A crushing personal loss
In July, Schultz received word about his sister Samantha that changed his life.
“I got a phone call that she was in an accident,” Schultz said. “So I flew home as soon as I could the next morning. We spent like a week in the hospital. Some tough decisions had to be made. It wasn’t looking good.”
Samantha Raye Caflisch died July 27, 2020 – the day after her 15th birthday.
The crushing loss was another moment when Schultz and Porter’s friendship would prove powerful.
“When I was a junior in high school, my older brother passed away in a car accident,” Porter said. “Me being there for (Cohlton), like being someone who’s been through the same thing he’s having to go through, I think it was really good for me.”
Because most people have not lost siblings at such young ages, Porter was there for Schultz in a way that many other people couldn’t be.
Porter’s influence can be seen in how similarly the two remember the simple times with their siblings, times that now mean so much.
Porter remembers watching Cowboys football games with his brother, Daniel. After each of Porter’s high school football games, his brother would call him to debrief.
“I’m a huge Cowboys fan, and me and him used to always watch the Cowboys game together. And he would call me for like an hour after every football game in high school, and just talk about it.”
Schultz remembers his sister, who he calls Sammie, bragging about having a brother that was going to be an Olympian. The two had plans to travel the world to watch him wrestle. But simple drives to school were some of Schultz’s favorite memories.

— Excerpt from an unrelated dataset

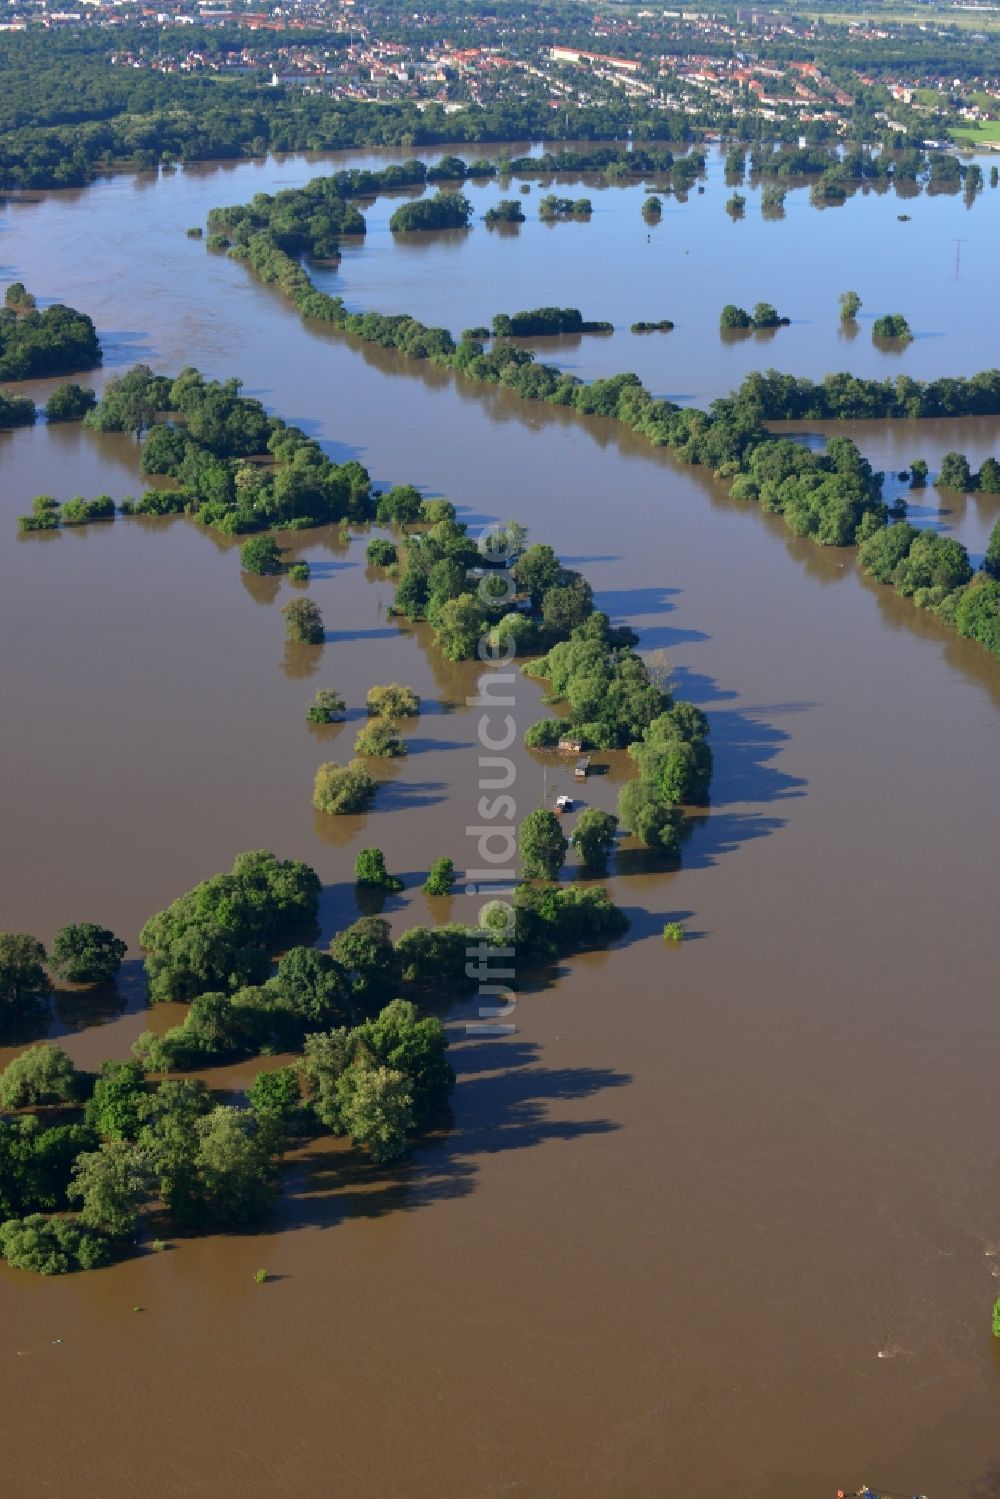 Luftbild Dessau-Roßlau - Hochwasser Pegel - Situation durch Überschwemmung und Übertritt der Ufer der Elbe bei Dessau-Roßlau im Bundesland Sachsen-Anhalt

“As soon as I got my license, I was usually the one driving her to school,” he said. “And I would be the one giving her rides around. Then whenever she was acting up, our parents always had this joke where they let me parent her for a little bit. I put my foot down. We just had a goofy relationship like that.”
Both wrestlers compete with their siblings in mind.
“So it’s mostly been a lot of just thinking about just doing stuff for them and making sure they’re having something fun to look down at,” Porter said.
To commemorate their siblings, both have tattoos on their arms.
“I got a tattoo while I was home during that,” Schultz said. “It’s her heartbeat from the hospital and then a yellow heart because that was a favorite color. There’s a whole bunch of members of my family that got tattoos around the same idea with her heartbeat and a yellow heart.”